_Instructions for the task_: Write out again, word for word, the lines below from the line that holds "我们的目标是让亚洲地区引领世界癌症治疗的发展。" through the line that holds "Scorpion racing motorcycle", omitting pictures.

___ Data under study

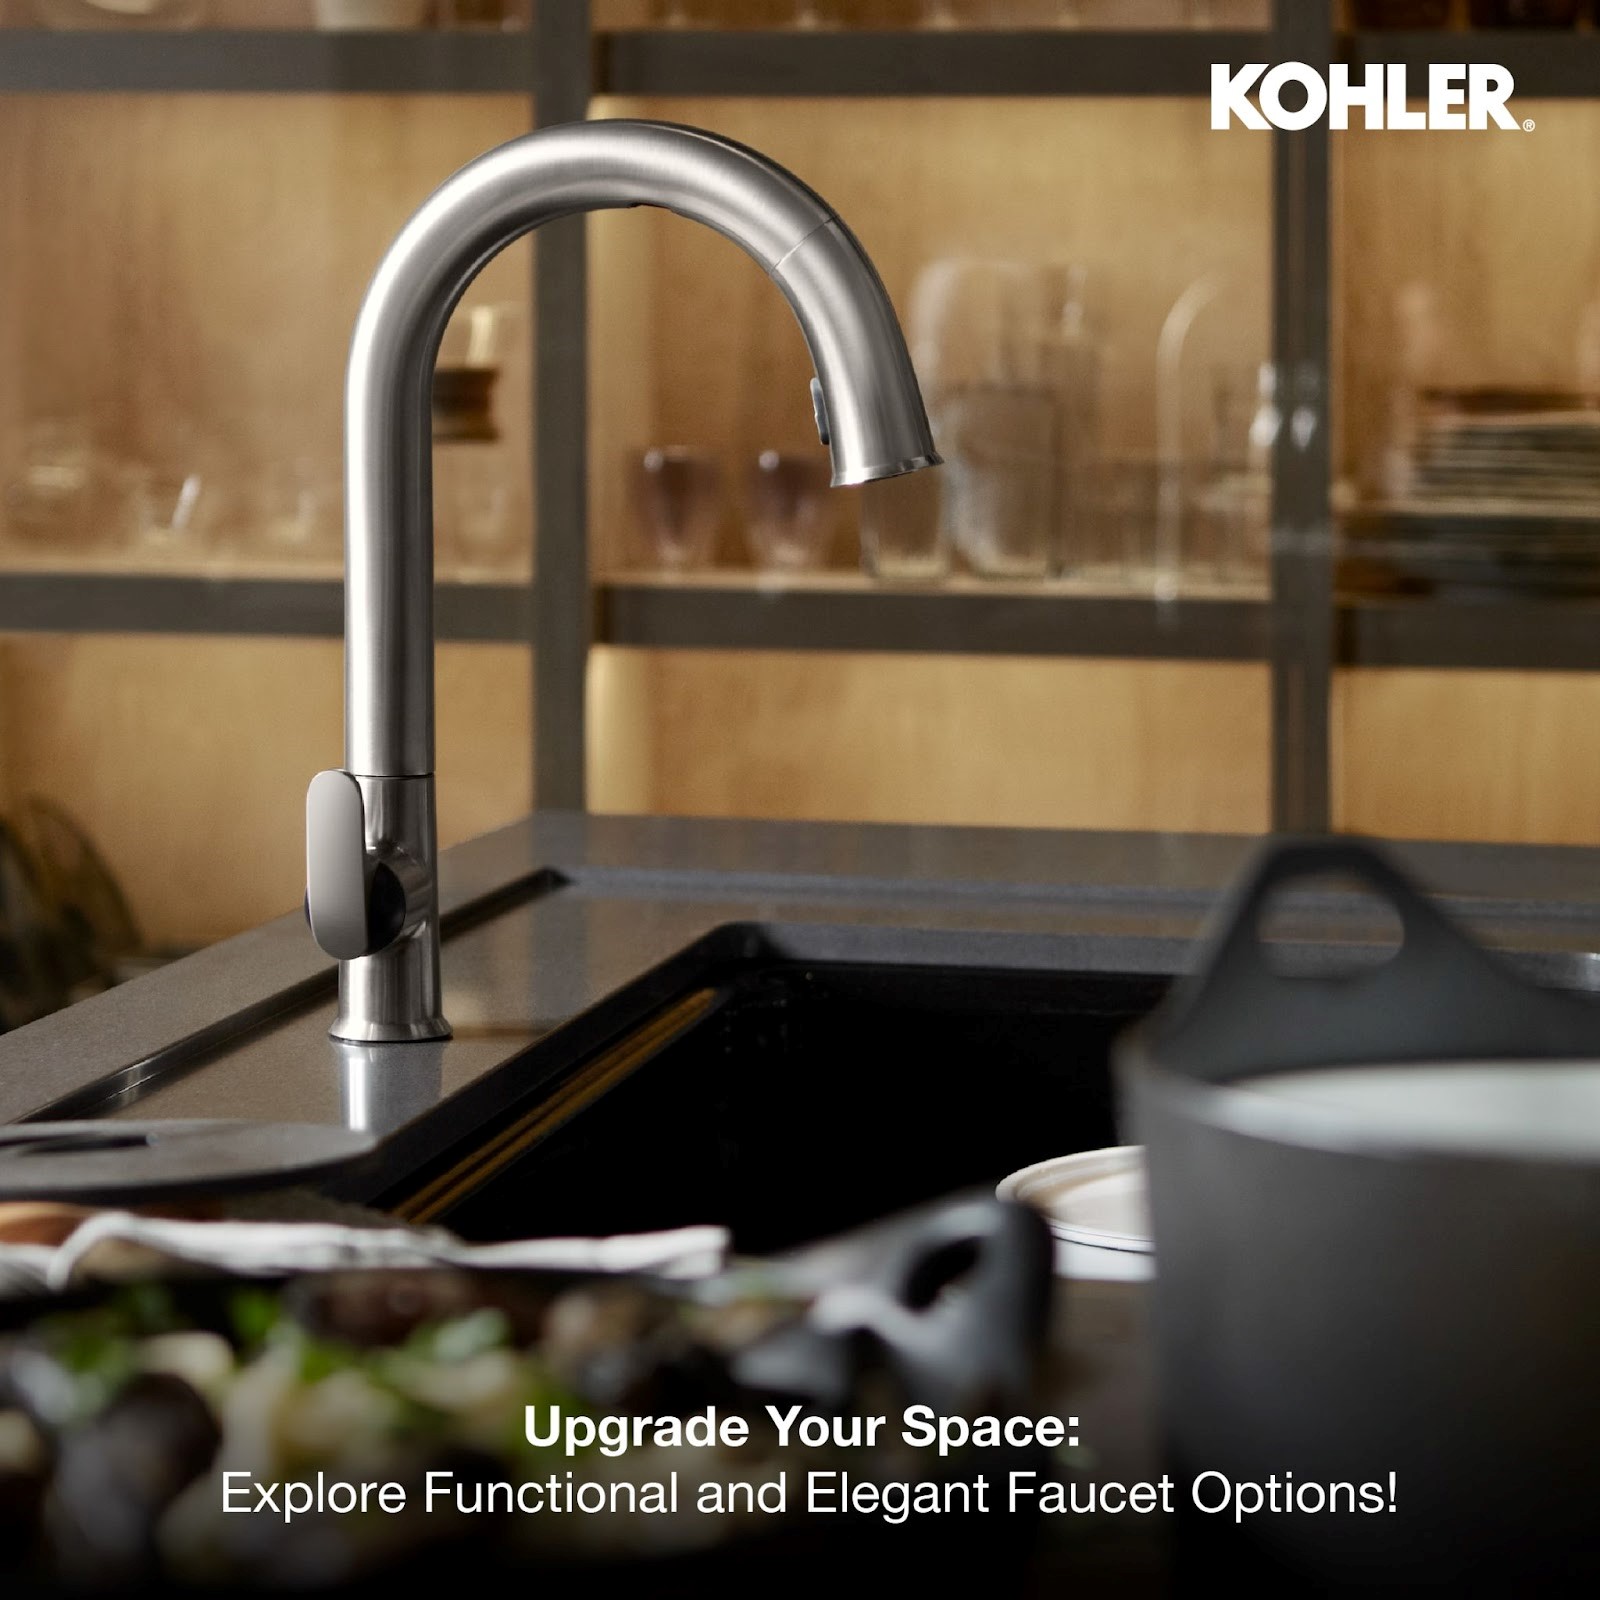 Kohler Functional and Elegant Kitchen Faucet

______
___ Data under study

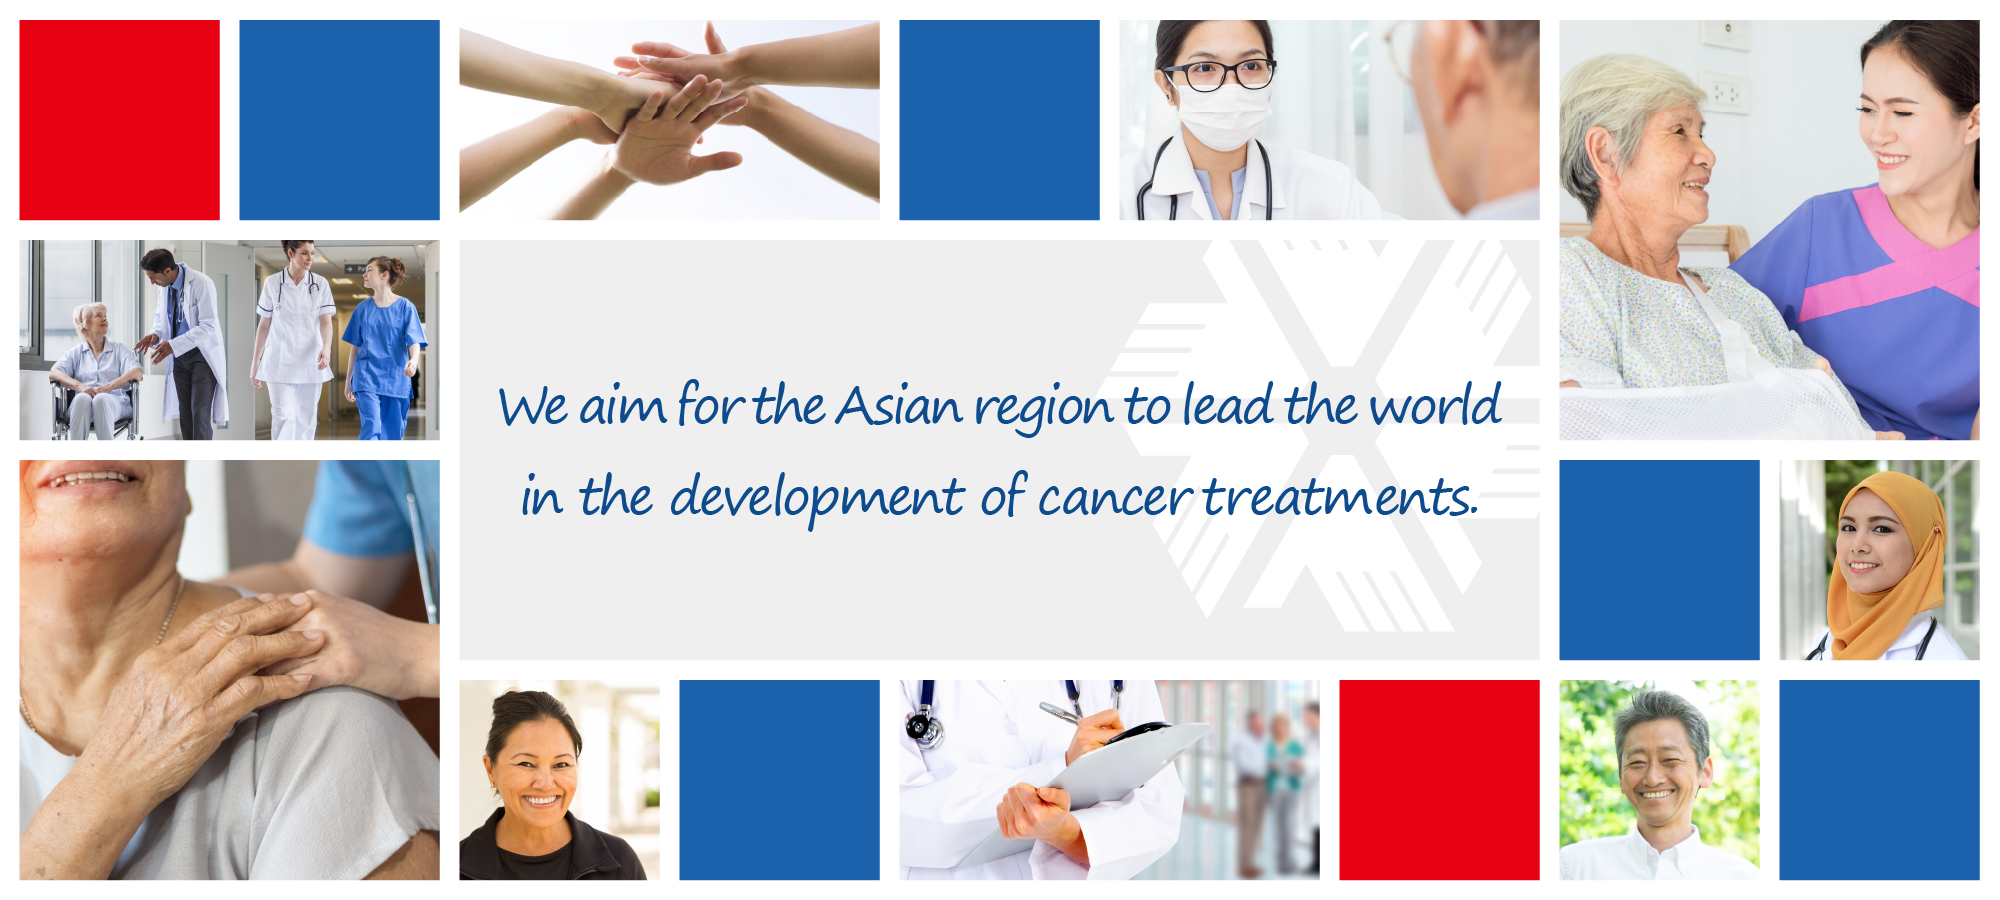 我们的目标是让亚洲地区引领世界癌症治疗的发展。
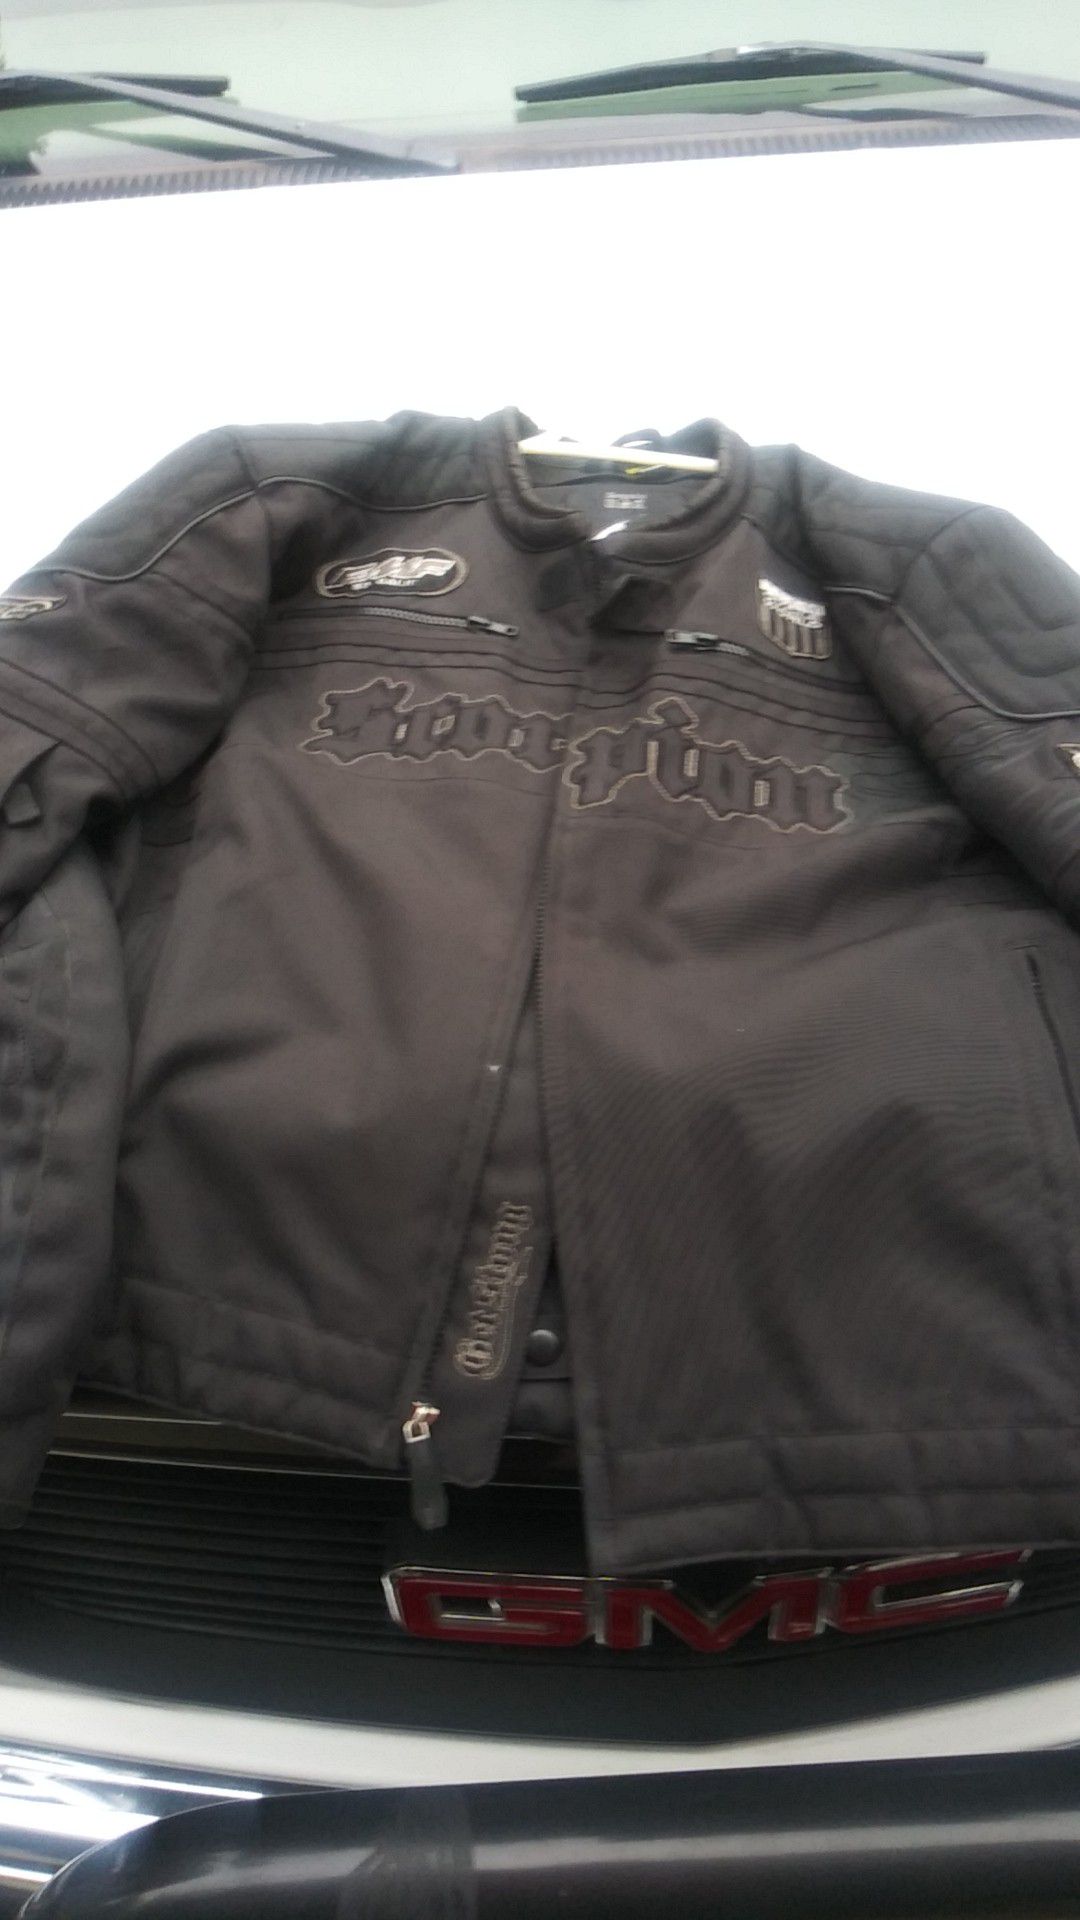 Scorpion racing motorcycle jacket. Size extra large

______

_Written response_:
 我们的目标是让亚洲地区引领世界癌症治疗的发展。
 Scorpion racing motorcycle jacket. Size extra large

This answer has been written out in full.